Founded | 2002 |
---|---|
Founders | Gerry Boccarossa and Joseph Zanga |
Type | 501(c)(3) |
47-0886878 | |
Location | |
Members | slightly more than 700 [1] |
Revenue (2022) | $178,000 |
Expenses (2022) | $143,000 |
Website | www |
The American College of Pediatricians (ACPeds) is a socially conservative advocacy group of pediatricians and other healthcare professionals in the United States, founded in 2002. [1] [2] The group advocates in favor of abstinence-only sex education and advocates against vaccine mandates, abortion rights and rights for LGBT people, and promotes conversion therapy. [3] [1] [4] As of 2022, its membership has been reported at about 700 physicians. [5] [6] [1] Despite their name, ACPeds is not a college and does not confer degrees.

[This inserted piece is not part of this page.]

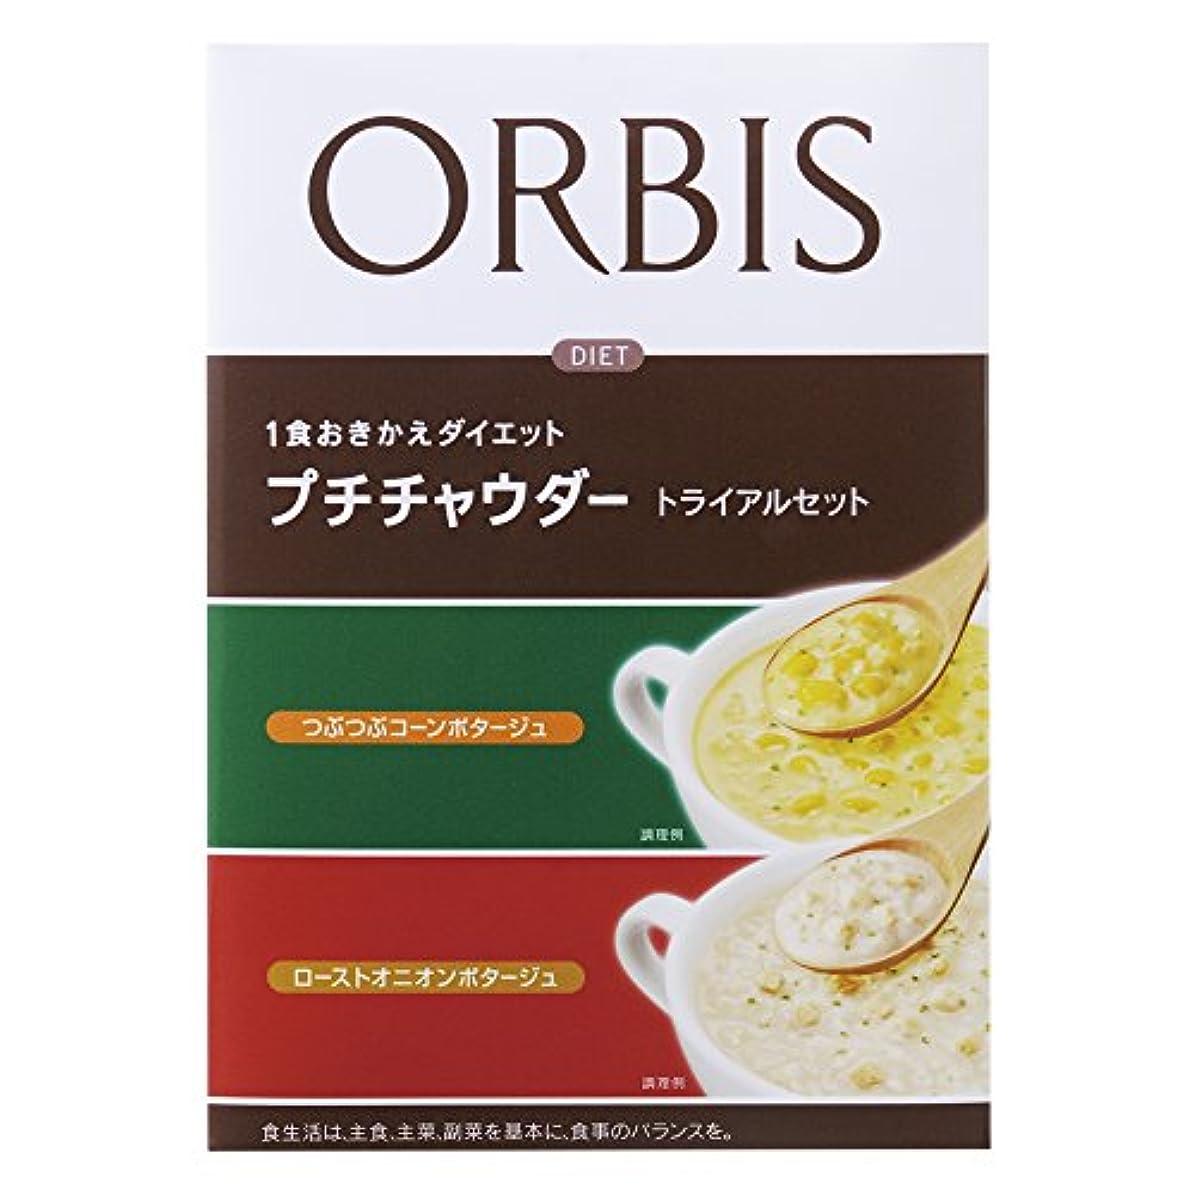 忘れるパースブラックボロウクリップオルビス(ORBIS) プチチャウダー トライアルセット 2食分(各味1食) ◎ダイエットスープ◎ 1食分約123kcal
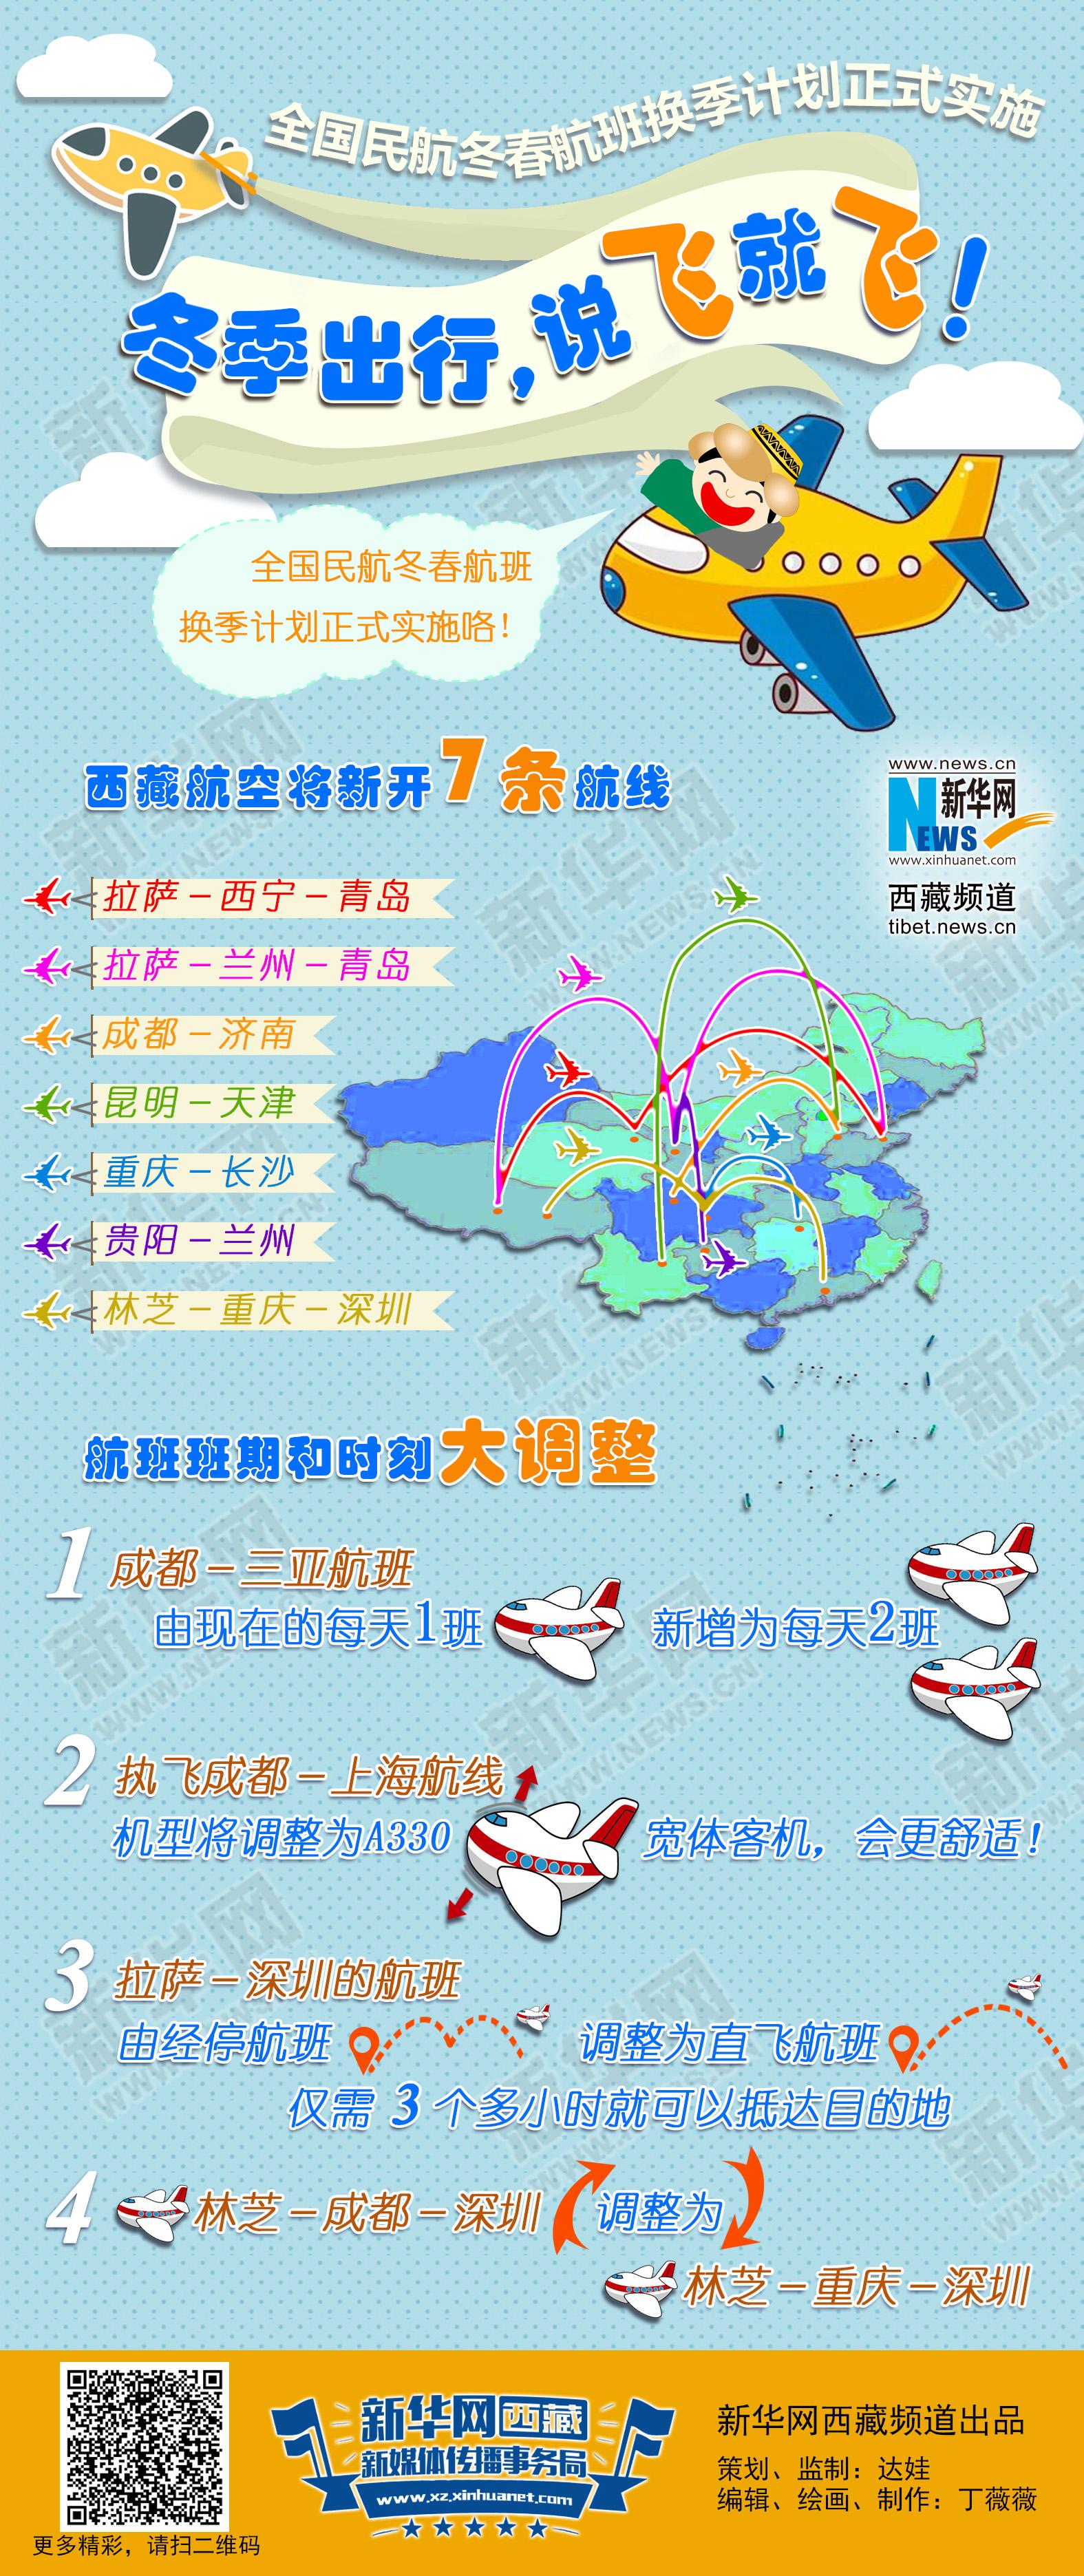 国际民航日:从此山不再高 路不再漫长

The organization's view on the relevance of sexual orientation to parenting differs from the position of the American Academy of Pediatrics, which holds that there is no connection between orientation and the ability to be a good parent and to raise healthy and well-adjusted children. [6] [7] [8] ACPeds has been listed as a hate group by the Southern Poverty Law Center for pushing "anti-LGBTQ junk science". [3] A number of mainstream researchers, including the director of the US National Institutes of Health, have accused ACPeds of misusing or mischaracterizing their work to advance ACPeds' political agenda. [9] [10] ACPeds has also been criticized for their professional sounding name which some have said is intended to mislead people into thinking they are a professional medical organization or mistake them for the similar sounding American Academy of Pediatrics. [11]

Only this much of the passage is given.